__EXERCISE DATA__

_ _ _

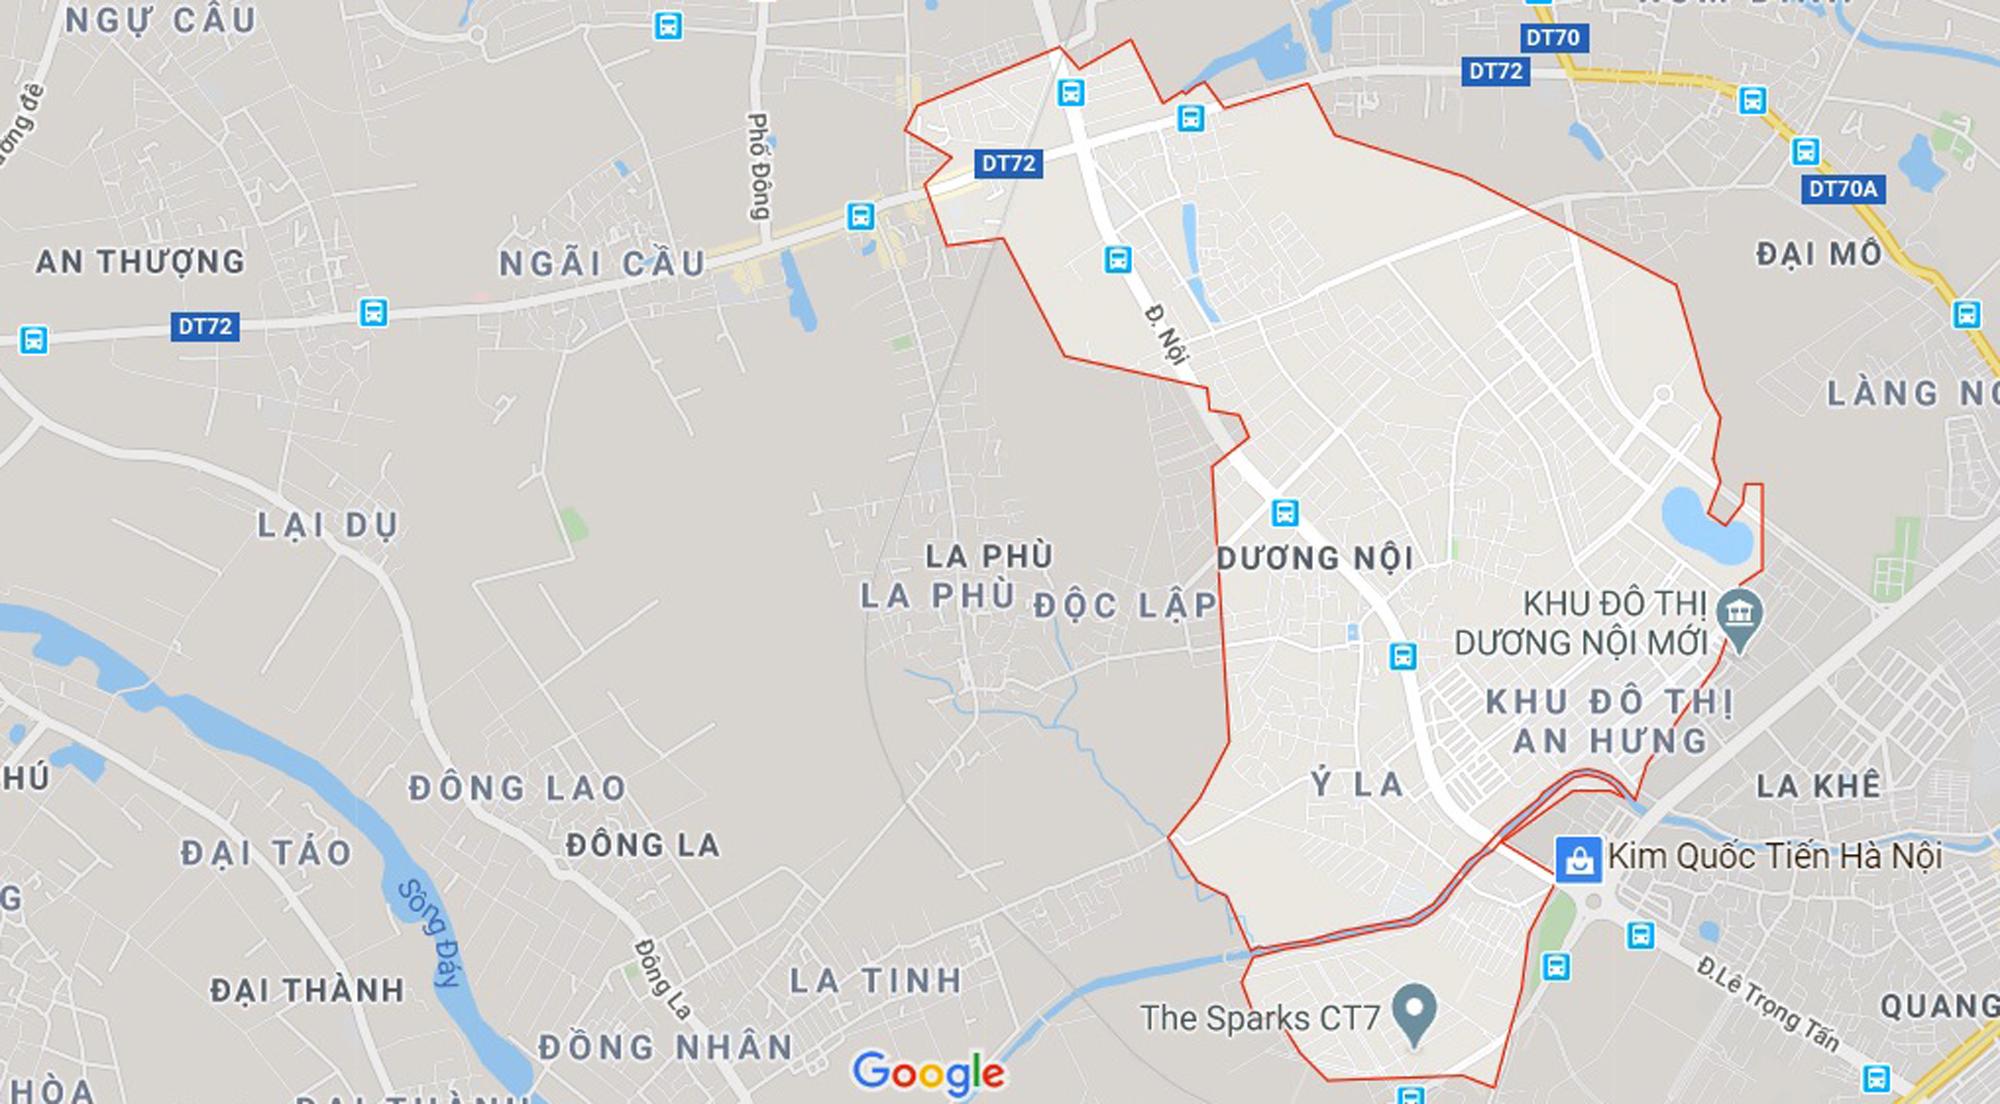 Đất dính qui hoạch ở phường Dương Nội, Hà Đông, Hà Nội - Ảnh 1.
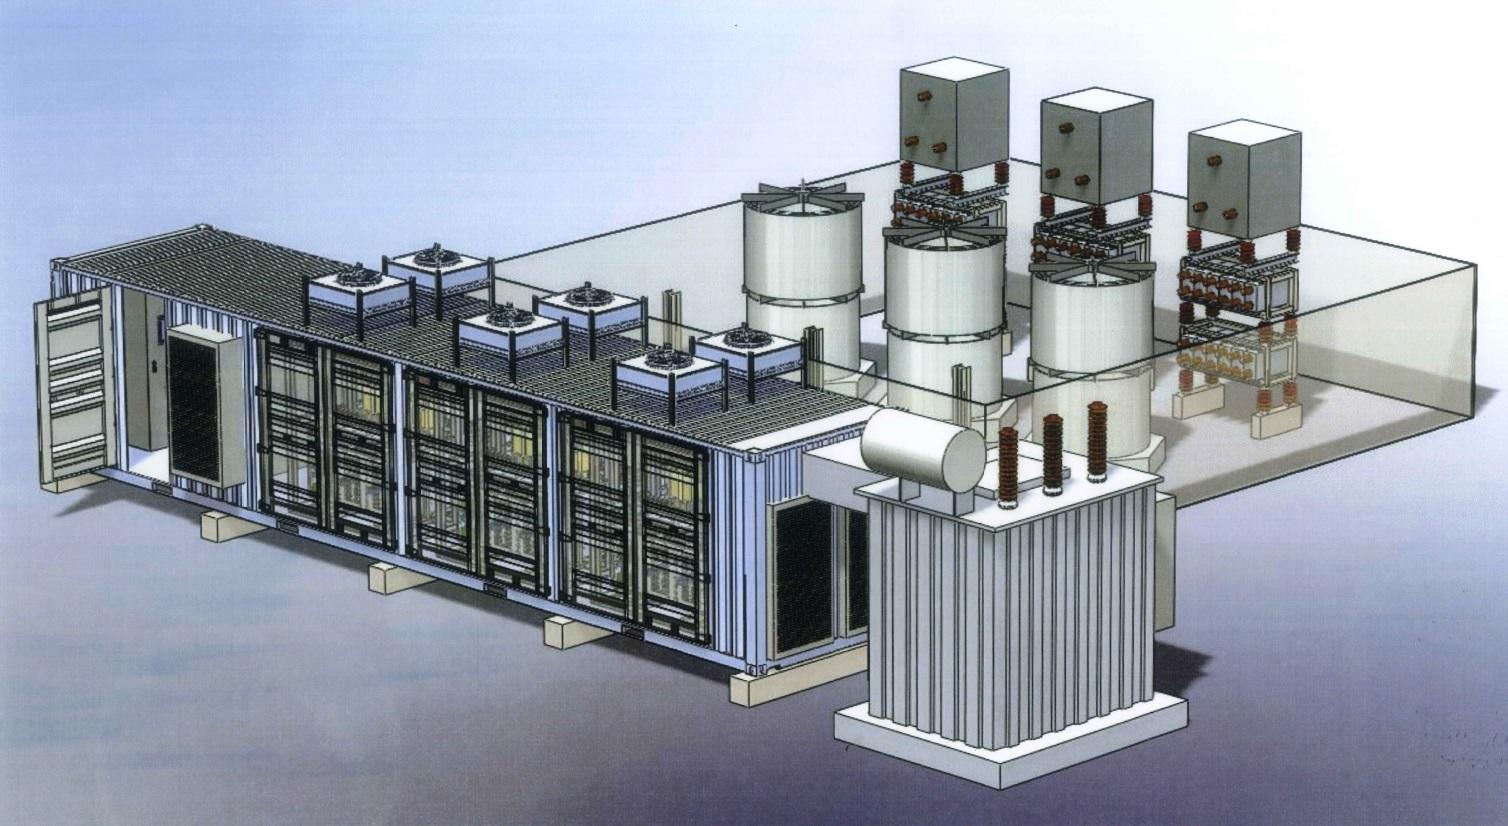 STATCOM állomás 5.4MVAr elektronikus és 4.5MVAr passzív elemmel induktív és kapacitav kompenzálásra
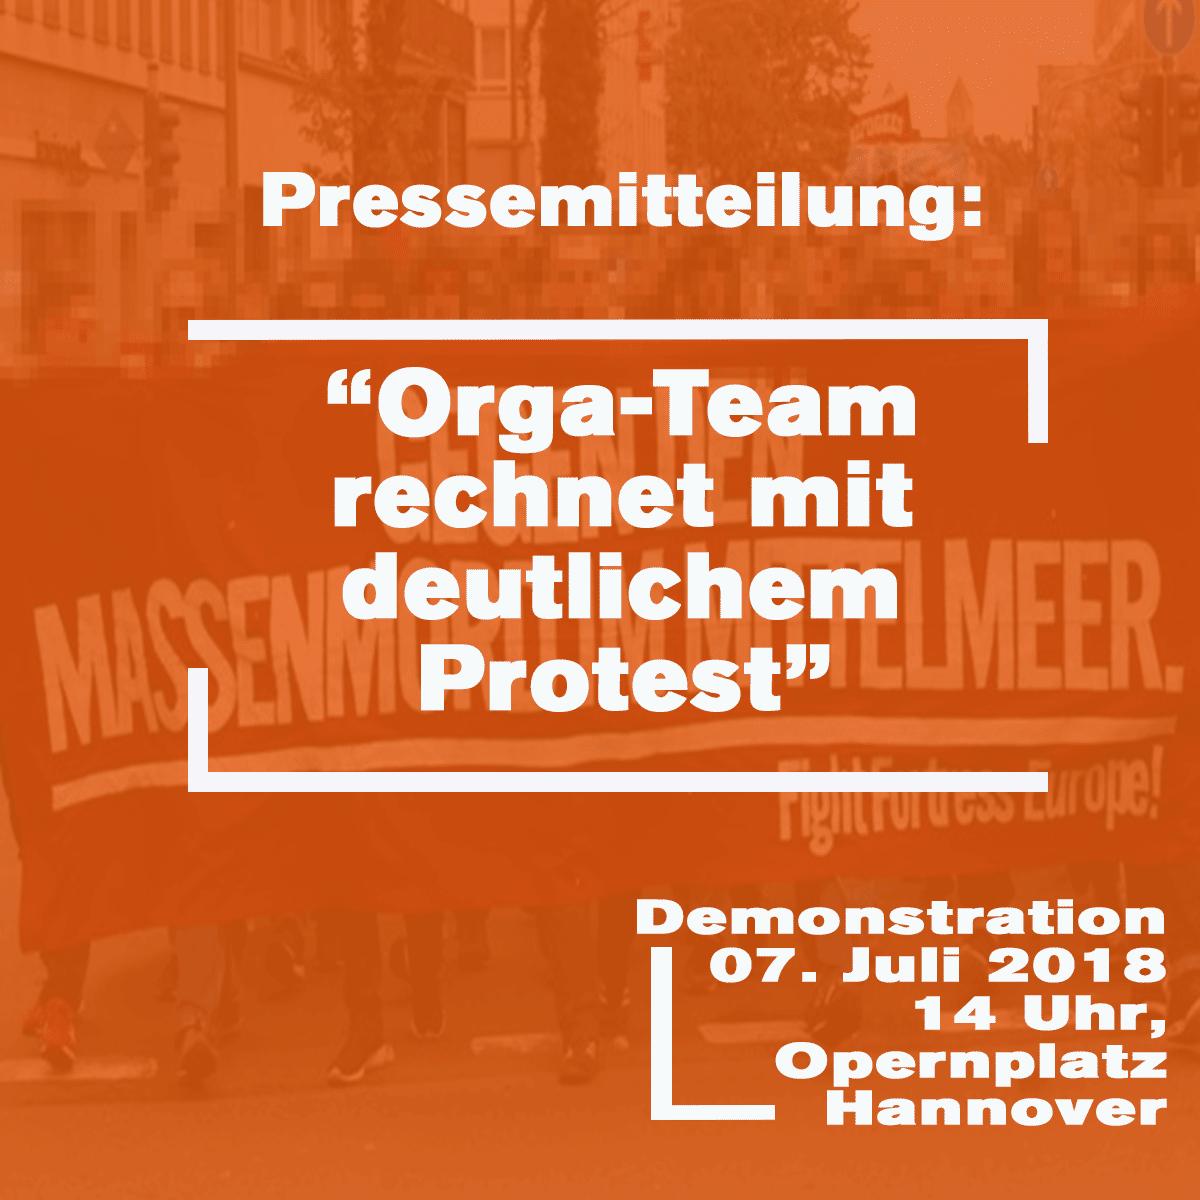 Presse: Demo gegen Abschottungspolitik – OrganisatorInnen rechnen mit vielen Teilnehmenden in Hannover
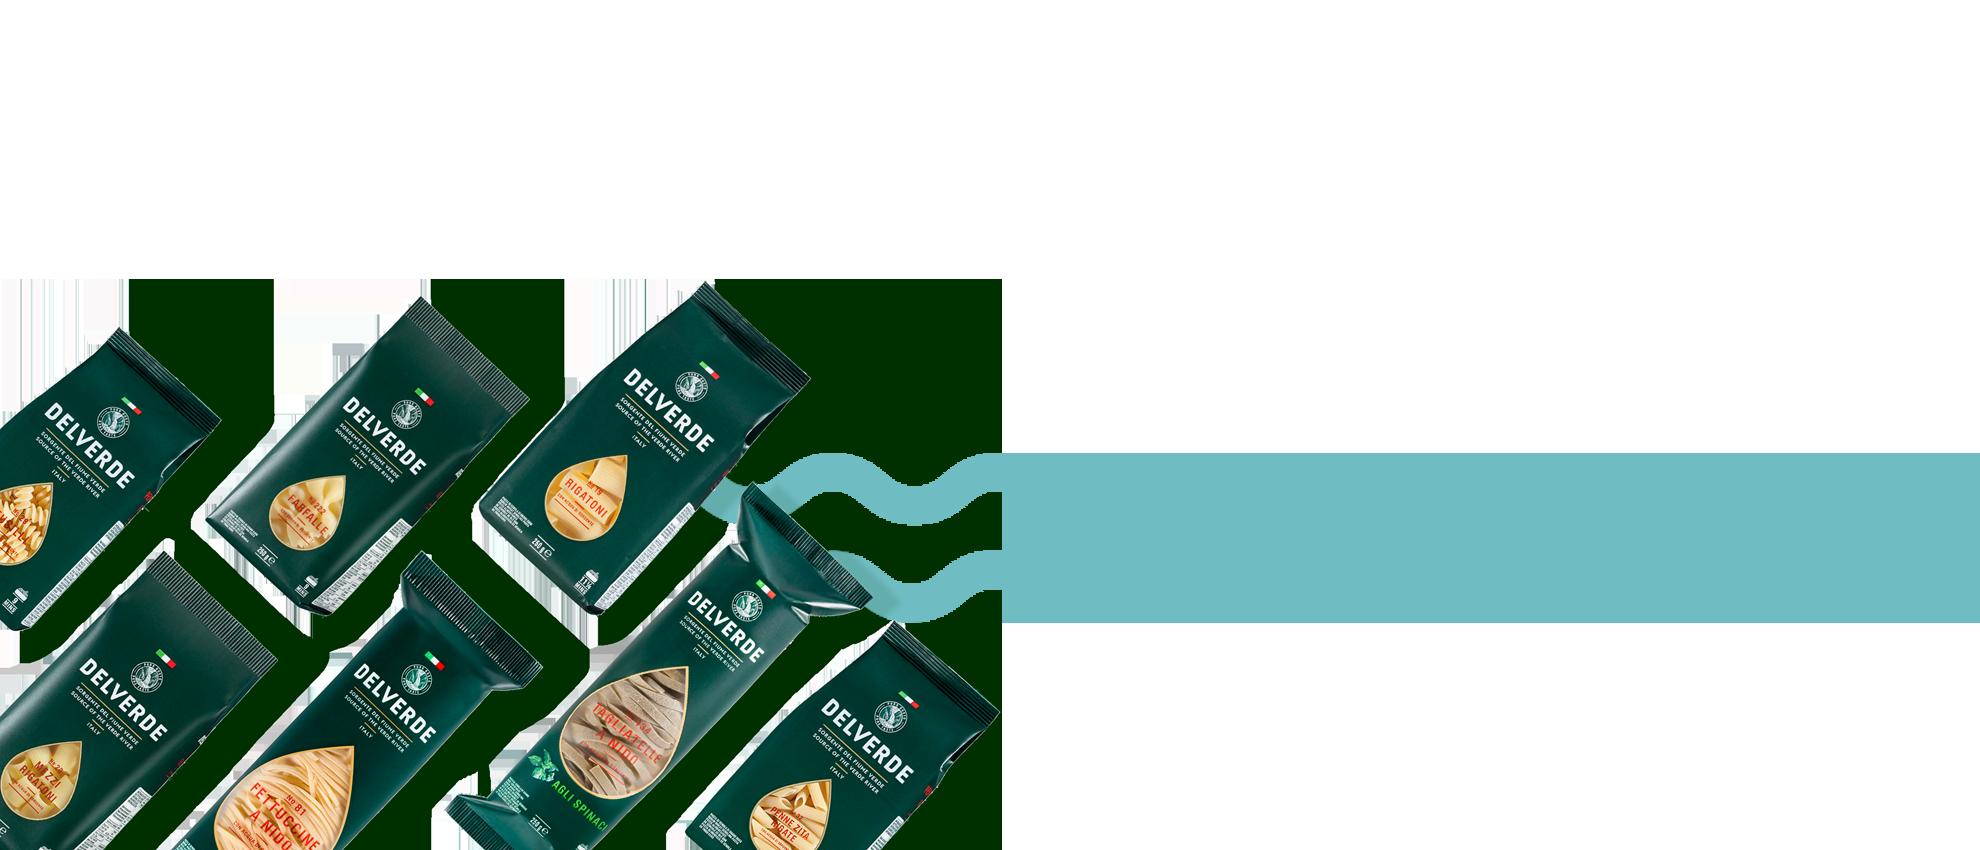 confezioni-pasta-delverde-2-

_ _ _

__THE PROBLEM__
Omit the pictures, then retype the remaining material without a single change.

__OUTPUT OF THE EXERCISE__
 Đất dính qui hoạch ở phường Dương Nội, Hà Đông, Hà Nội - Ảnh 1.
 STATCOM állomás 5.4MVAr elektronikus és 4.5MVAr passzív elemmel induktív és kapacitav kompenzálásra
 Presse: Demo gegen Abschottungspolitik – OrganisatorInnen rechnen mit vielen Teilnehmenden in Hannover
 confezioni-pasta-delverde-2-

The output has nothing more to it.